Das alles hatte seine historischen Ursachen. Siehe auch: H. Hummel, Wesen und
Erscheinung sozialistischer Produktionsverhältnisse, unter:
http://heerkehummel.googlepages.com/wesenunderscheinungsozialistischerproduk
Künftig aber ist von den aktuellen Gegebenheiten auszugehen. Auf der Basis der heute
bereits bestehenden neuen ökonomischen Verhältnisse kann eine sozialistisch orientierte
Staatsmacht durch ihre Geld-, Steuer-, Haushalts- und Finanzpolitik mittels ihrer
Gesetzgebung – und nicht zuletzt mit Kalkulationsrichtlinien – bei hoher
Eigenverantwortlichkeit der Unternehmen (insbesondere für die sachlichen Beziehungen)
Einfluss auf die Gestaltung des gesellschaftlichen Reproduktionsprozesses entsprechend
gesamtgesellschaftlichen Erfordernissen nehmen. Infrage kommen beispielsweise solche
Maßnahmen wie Umverteilung von Finanzmitteln über den Staatshaushalt durch Steuern
und Zuschüsse, Festlegung von Unter- und Obergrenzen für Verfügungsrechte über Fonds
(einschließlich privater Einkommen), Löhne und Gehälter, Finanzvermögen usw.

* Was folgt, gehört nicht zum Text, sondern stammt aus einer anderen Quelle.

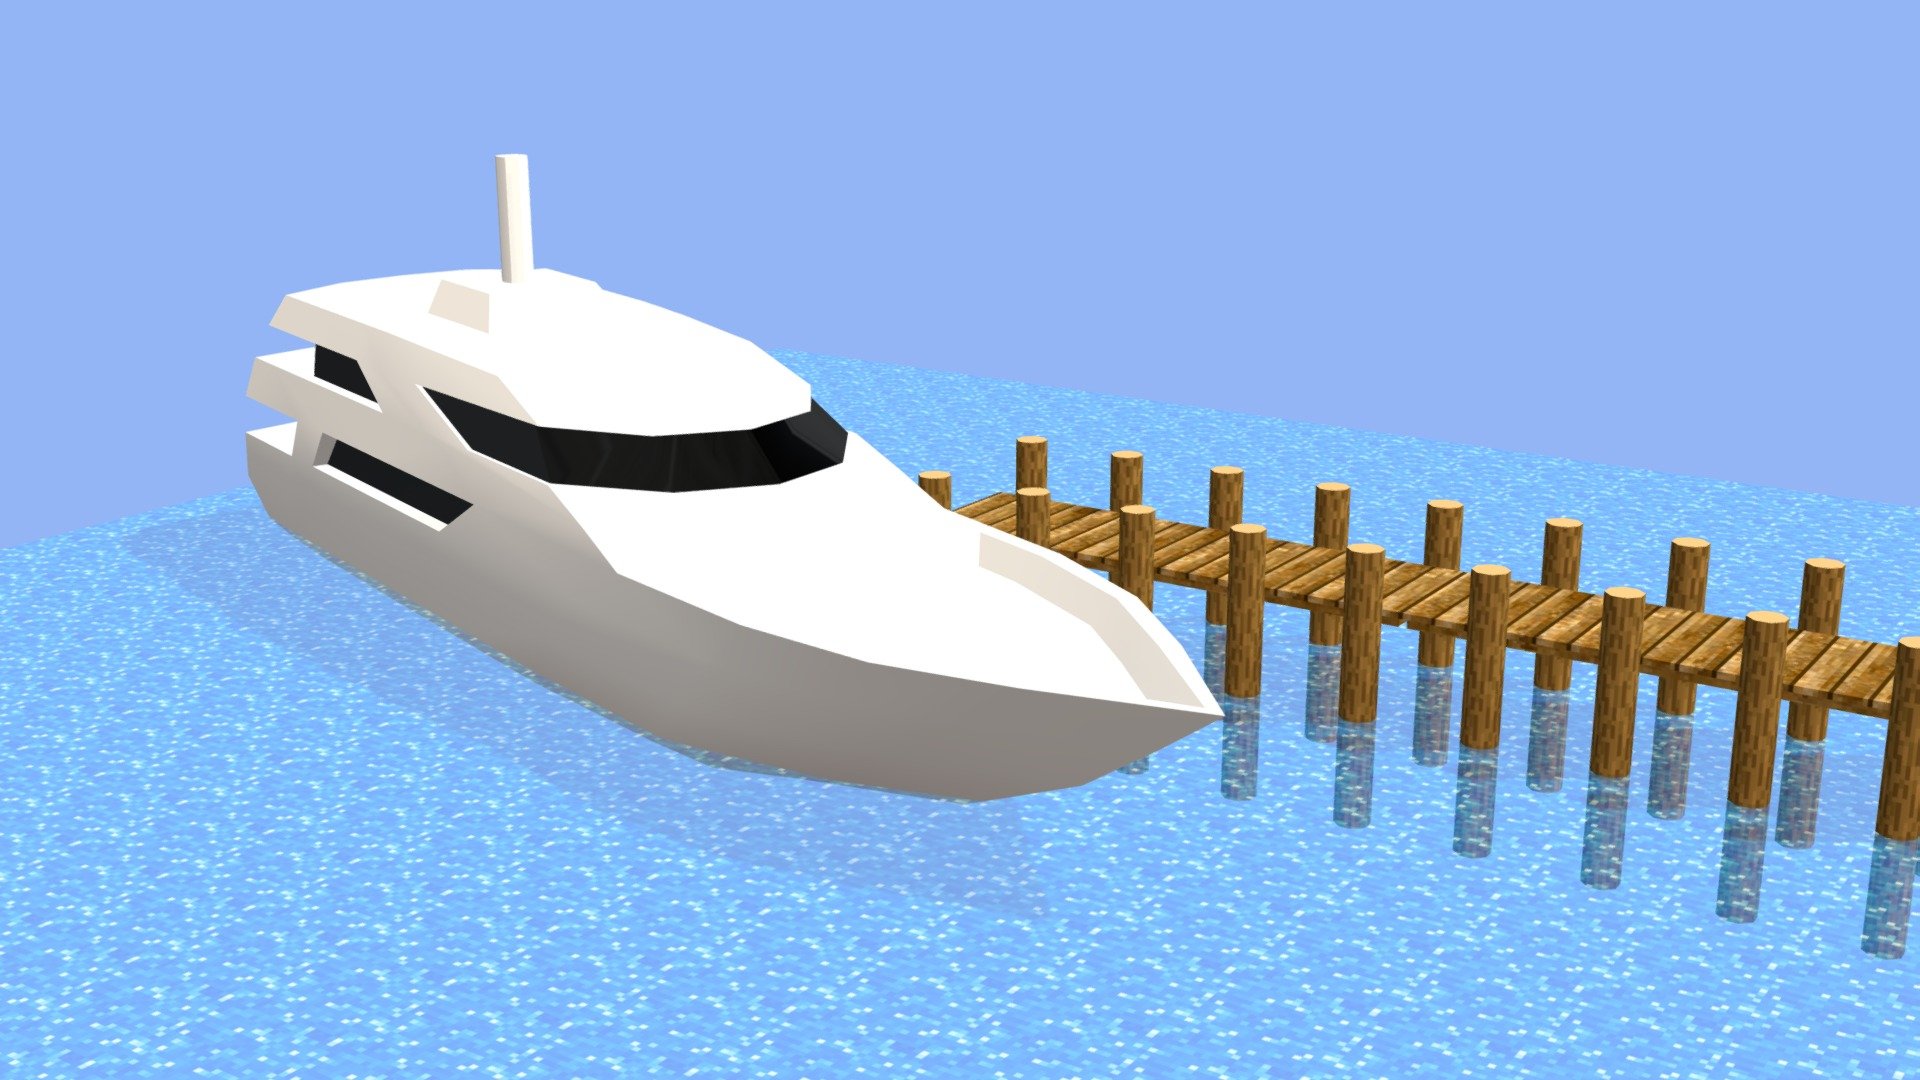 A low-poly pier and boat with only basic shape to convey what the object is. Both are sitting in water. Textures are pixellated, similarly to Minecraft 3d model

Siehe auch: H. Hummel, Reale Utopie und utopische Realität, unter:
http://heerkehummel.googlepages.com/realeutopieundutopischerealit%C3%A4t
„Wir akzeptieren den Gewinn als Maßstab ökonomischer Leistungsfähigkeit, nicht
jedoch Profit und Aktienkurs als Kriterium zur Entwicklung der Weltwirtschaft. Der
gegenwärtig zerstörerische globalisierte Wettbewerb um die international niedrigsten
Kosten und höchsten Profite muss unterbunden werden, um die Verarmung der
Menschen in den Industrie- und vor allem in den Entwicklungsländern zu stoppen.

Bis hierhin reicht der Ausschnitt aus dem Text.